Brian Cathcart, the author of this book, explains during his introductions that he is a 'non-scientist' writing upon the records and historical accounts of how the nuclei in the atom became split, the great onset of nuclear physics. Mr. Cathcart's research, as is shown by the lengthy bibliography, is a very good detailed account not only in how the disintegration process came about but also an intricate lesson in atomic physics itself. Brian certainly links the science with world events that followed and, in taking forward the work of Chadwick, Cockcroft and Walton illustrates the advances of science that made the process of 'fission' with uranium and plutonium identifiable.
The novel concentrates on the years prior to 1932. Professor Lord Rutherford, director of the Cavendish Laboratory in Cambridge, authorised through curiosity experimental trials to proceed on the hunches of Walton and Cockcroft who, later themselves, received the Nobel Prize for research into atomic nuclear theory. Painstakingly patient, the two scientists enter a race against time in being the first to announce the breakthrough. The announcement, on being first to transmute atomic nuclei, was made by Lord Rutherford, unusually at the Royal Society before official publication within the officially recognised scientific journals. Rutherford had no choice given the rapid advance of scientists elsewhere working on similar projects. Brian Cathcart gives a detailed and exploratory analysis of scientific trial and error, the developments in advancing artificially accelerated particles and the well documented practices at the Cavendish, the Cambridge Institute that has fathered major breakthroughs in scientific research.

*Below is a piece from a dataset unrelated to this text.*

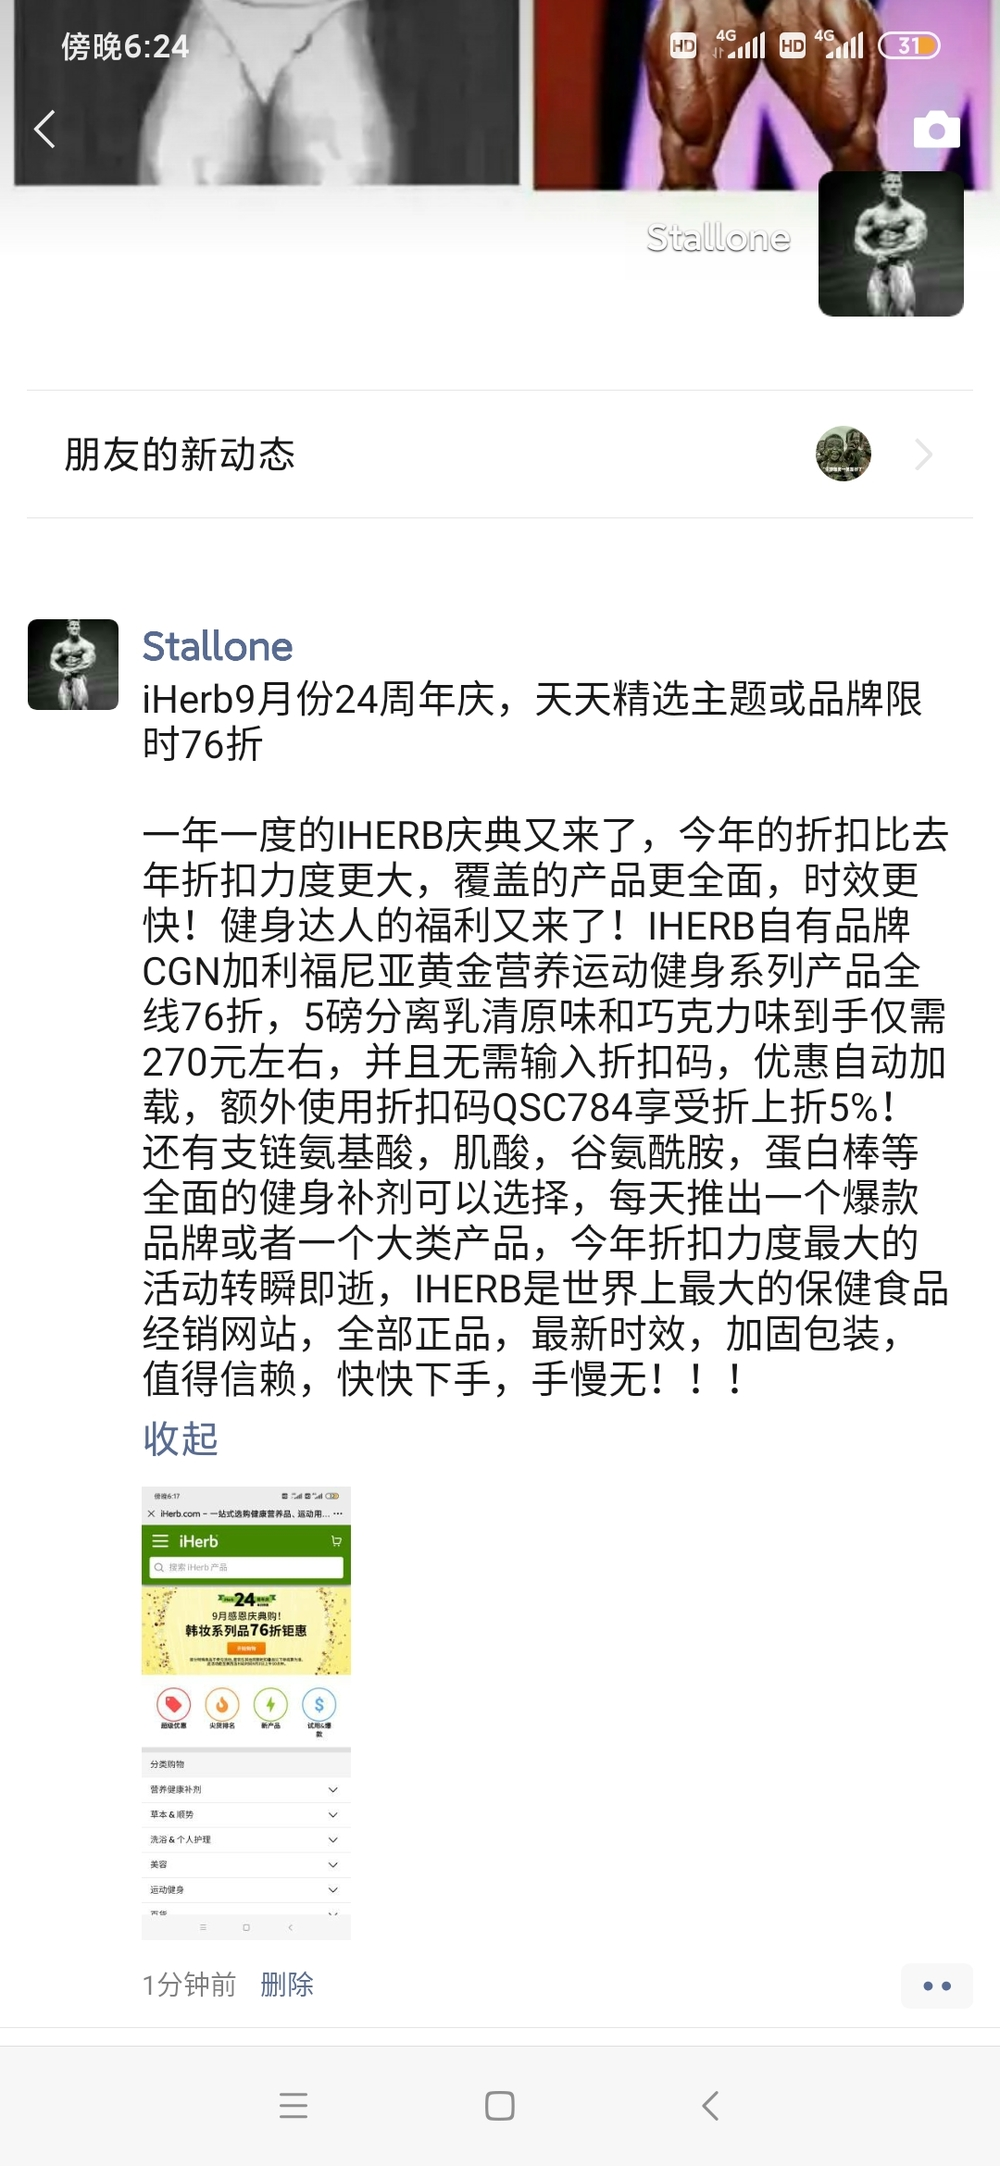 Screenshot_2020-09-03-18-24-47-808_com.tencent.mm.jpg
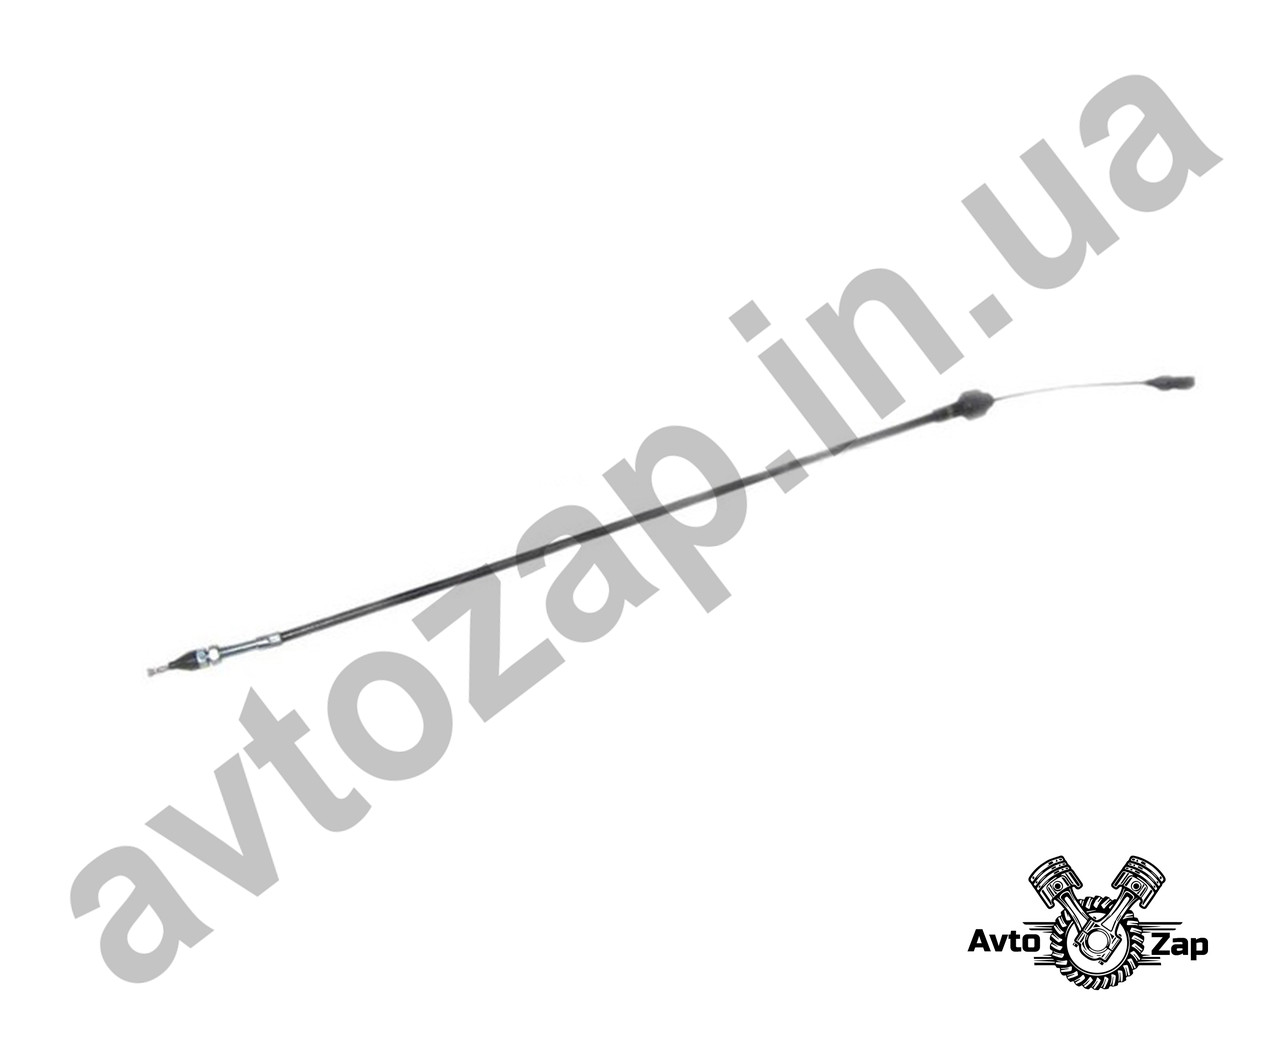 Трос газа Москвич 2141 карбюратор Озон L-825мм

A book that should be an essential component for any budding scientist eager to understand the evolution of nuclear physics and, a guide for anyone interested in tracing nuclear theory to date, the author also shows how the work of Cockcroft and Walton reconciles to the theory of Einstein. The splitting of the atom equates to the energy released under Einstein's Theory of Relativity, Einstein himself having visited the Cavendish in meeting with the two men.
The last words of the book summarily sum up the whole book in a virtual nutshell. Expounding the words of Lord Rutherford to a journalist from the Daily Herald, the professor ends: "We are rather like children, who must take a watch to pieces to see how it works."